Chasing a red herring across the stack
/ 4 min read
Last Updated:This is the dramatic retelling of the time I had to chase a particular bug across several layers of the stack. This post was also an exercise in “chaos blogging” — I scheduled this empty post to autopublish 16 hours later no matter what its contents were. My theory was that this writing process would result in a very rough looking but fully complete draft.
My favorite bugs to read about are the kind that make you question your sanity and then when they’re fixed, you look back at them and are amazed at how lucky it was that you ever figured it out.
One fun morning a user messaged my team on Slack to say that an internal tool was responding really really slowly. Searches were taking forever. Some other users were writing in saying similar things.
I was on call and claimed the tickets.
- I looked through recent deployments. Nothing suspicious.
- I ran our test suite. No failures.
- I ran the automation bots that login, make transactions, update profiles, etc. No failures.
- I tried to reproduce the issue locally. No failures.
- I tried to reproduce the issue on the test envirnment. No failures.
I logged into production to reproduce the issue. Login failed. Wait what. At this point no one had mentioned login failing. And then…we started getting complaints about external users not being able to login to one of our sites. Then other sites.
us-east-1 was not on fire. All our servers looked to be up. Other applications using the database worked just fine though were showing increased latency.
I started watching network traffic as I was testing this on prod. My credentials were getting posted successfully. The API was responding with a 200 HTTP code and returning cookies. But login had failed. Things running slowly is one thing but users not being able to login skyrockets to the top of the priority list.
I ran the automation bot against production. Roughly half the bots succeeded, half failed.
I had now isolated this to a login issue. And a things being slow issue. A moment of epiphany hits me. Sessions and caches are both stored on Redis.
We used AWS Elasticache Redis for session storage. I logged into the AWS console and went to the Redis dashboard and it was out of disk space! How???? This was impossible. I knew for a fact that we used a LRU cache with Redis so it would always evict the oldest keys in order to make space for new keys ensuring that we would never run out of space. I ran some Lua queries and realized that:
- Yes, there was in fact no space left on disk
- The average TTL of the keys in Redis was…77 years.

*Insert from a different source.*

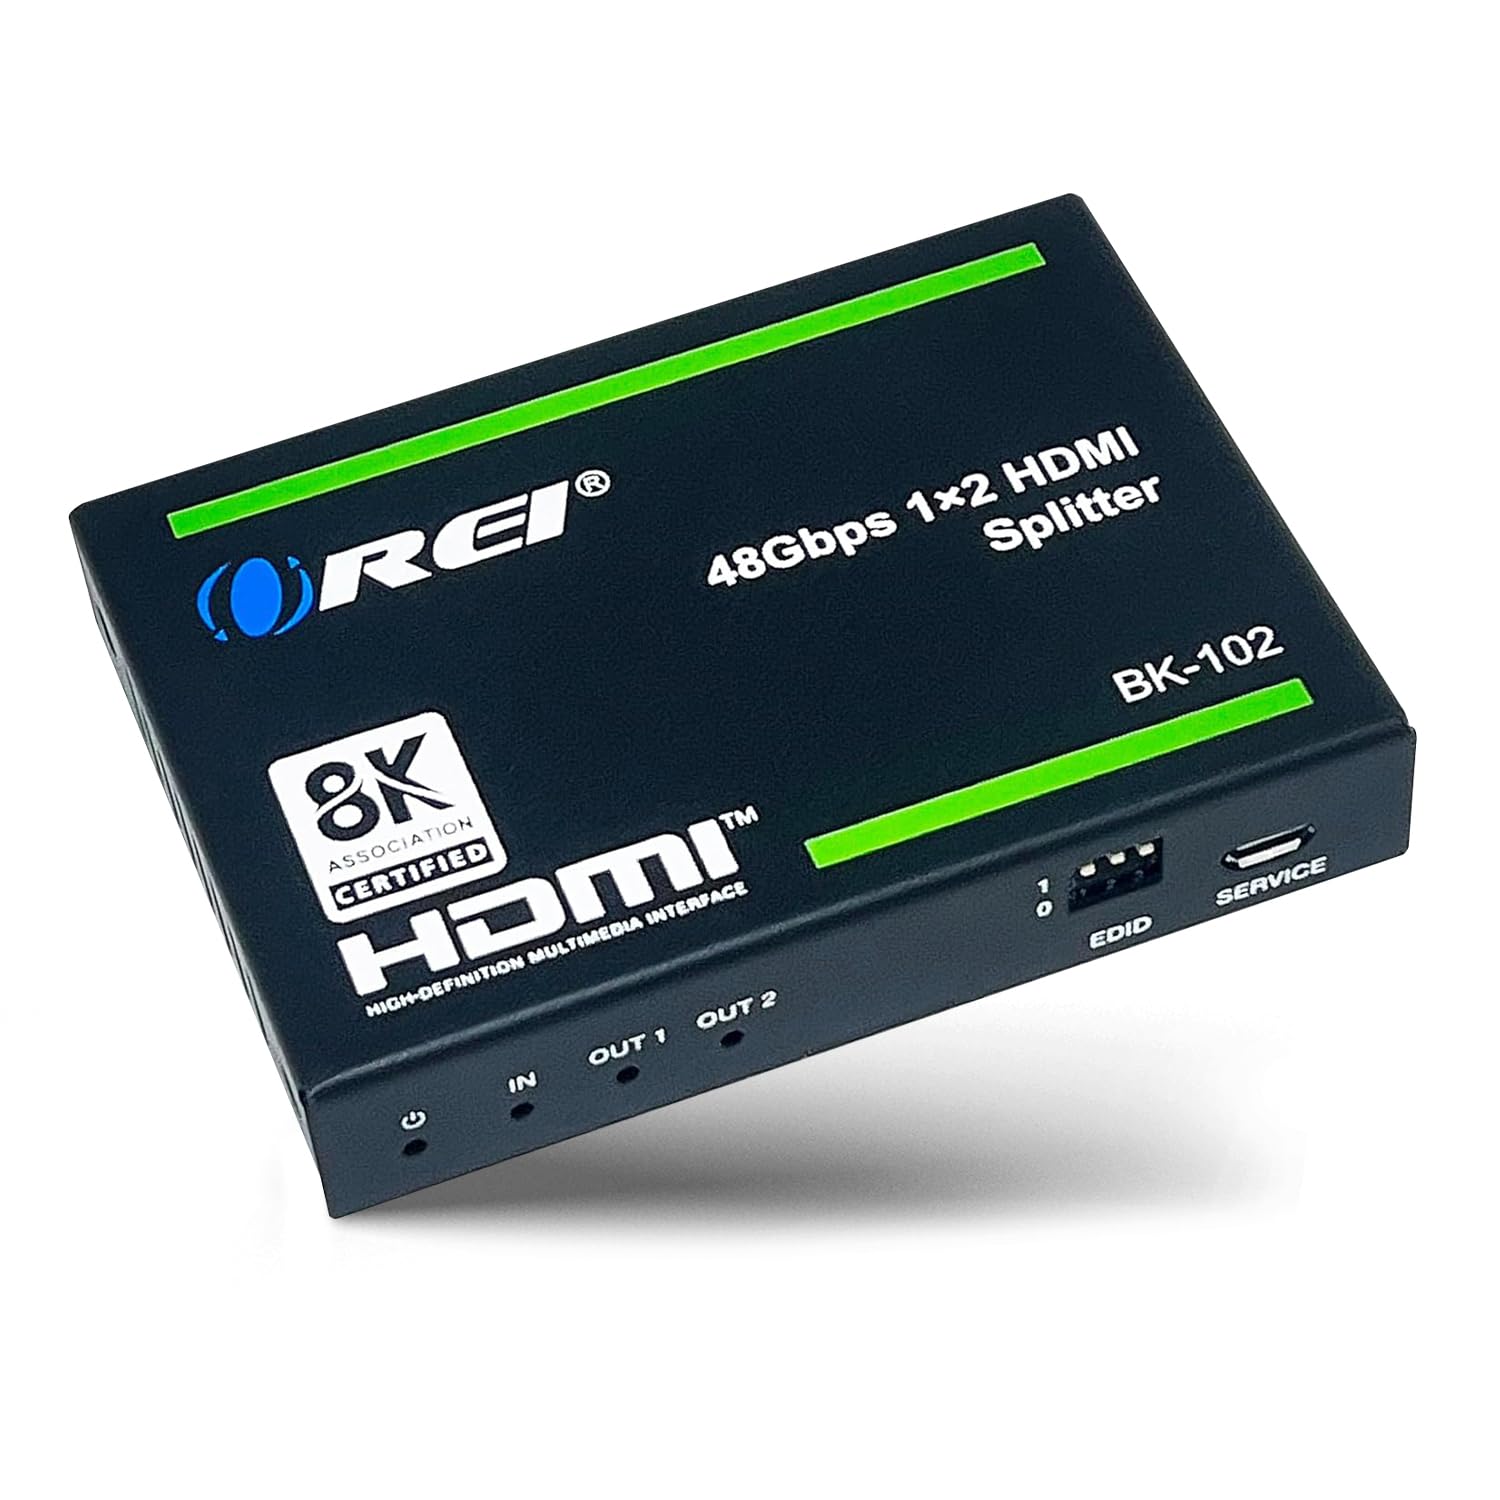 OREI 8K HDMI Splitter 1 X 2, Duplicate/Mirror Any HDMI Signal UltraHD Supports Upto 4K @ 120Hz EDID HDCP 2.3 - (BK-102)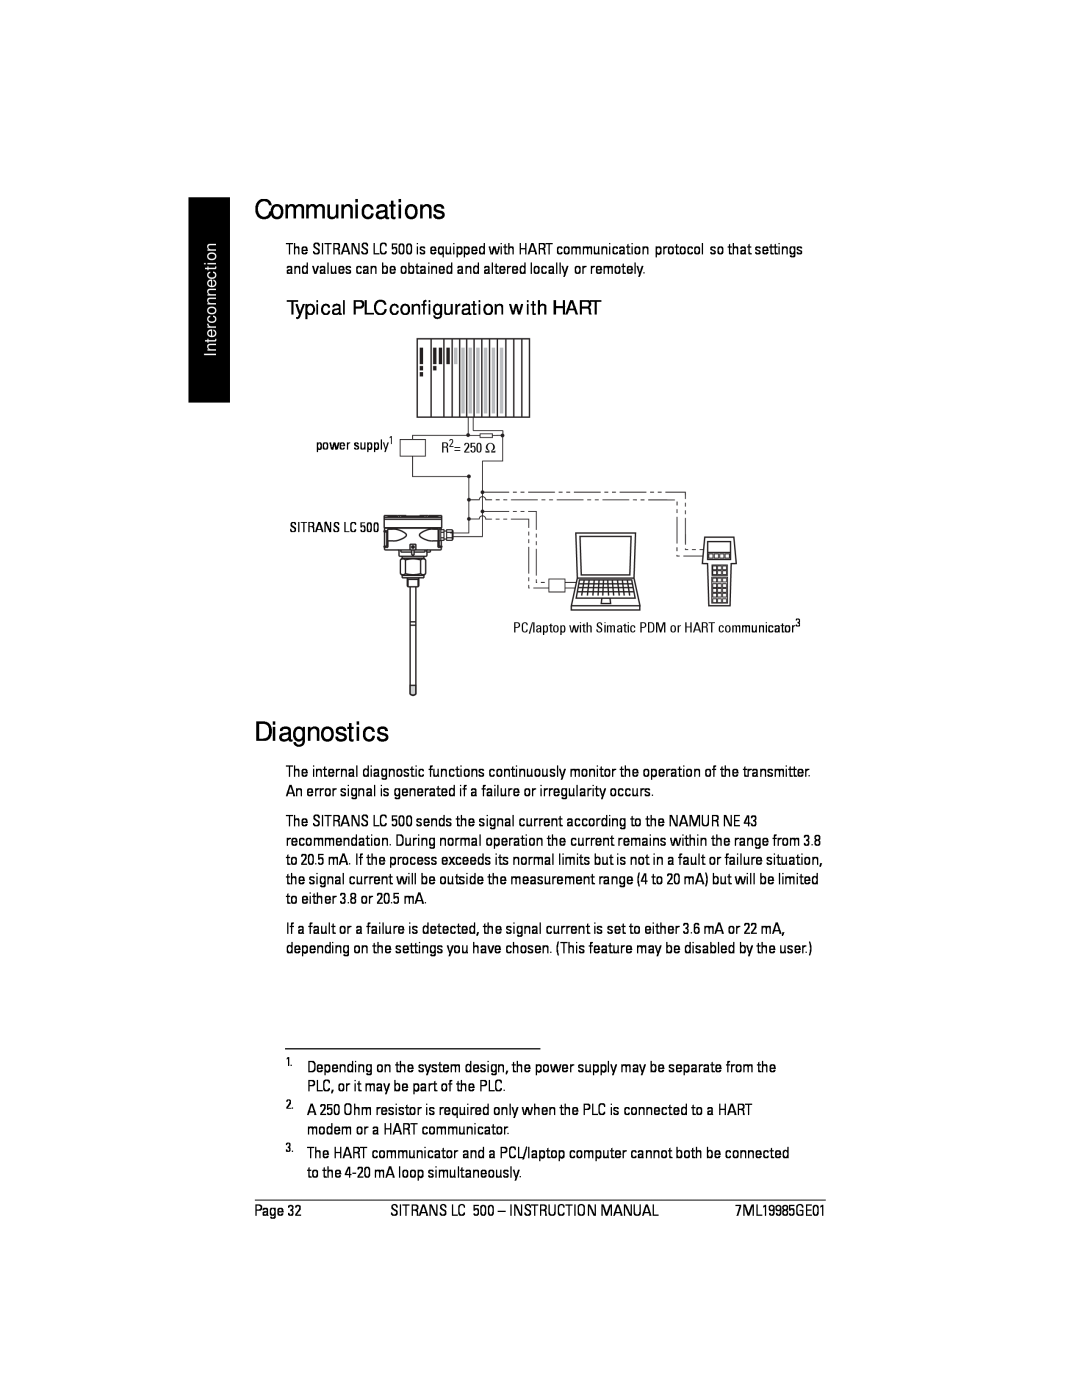 Siemens LC 500, Sitrans instruction manual Communications, Diagnostics, Typical PLC configuration with HART, Interconnection

I check to make sure what the server key eviction policy is. It’s volatile-lru (the default in Elasticache), which means it evicts the least used- wait what… it ONLY removes keys that have an expire set. 99% of our keys had no EXPIRE set. So the 1% of keys which did have an EXPIRE set kept getting evicted to make space for new keys.
This means that database queries weren’t getting cached anymore, sessions were expiring too quickly, and our database server was getting slammed hard.
My first fix was to switch the eviction strategy to allkeys-lru across the entire cluster which immediately started evicting the oldest keys and fixed the issue.
Then we went and found the applications which were incorrectly using our in-house Redis SDK library and not setting an expiration time. We fixed them.
Then we fixed the library so that it defaulted to a sane expire time if one was not provided or the provided time was unreasonable.
And finally we added alerting so that if we got dangerously close to running out of disk space we’d actually get alerted.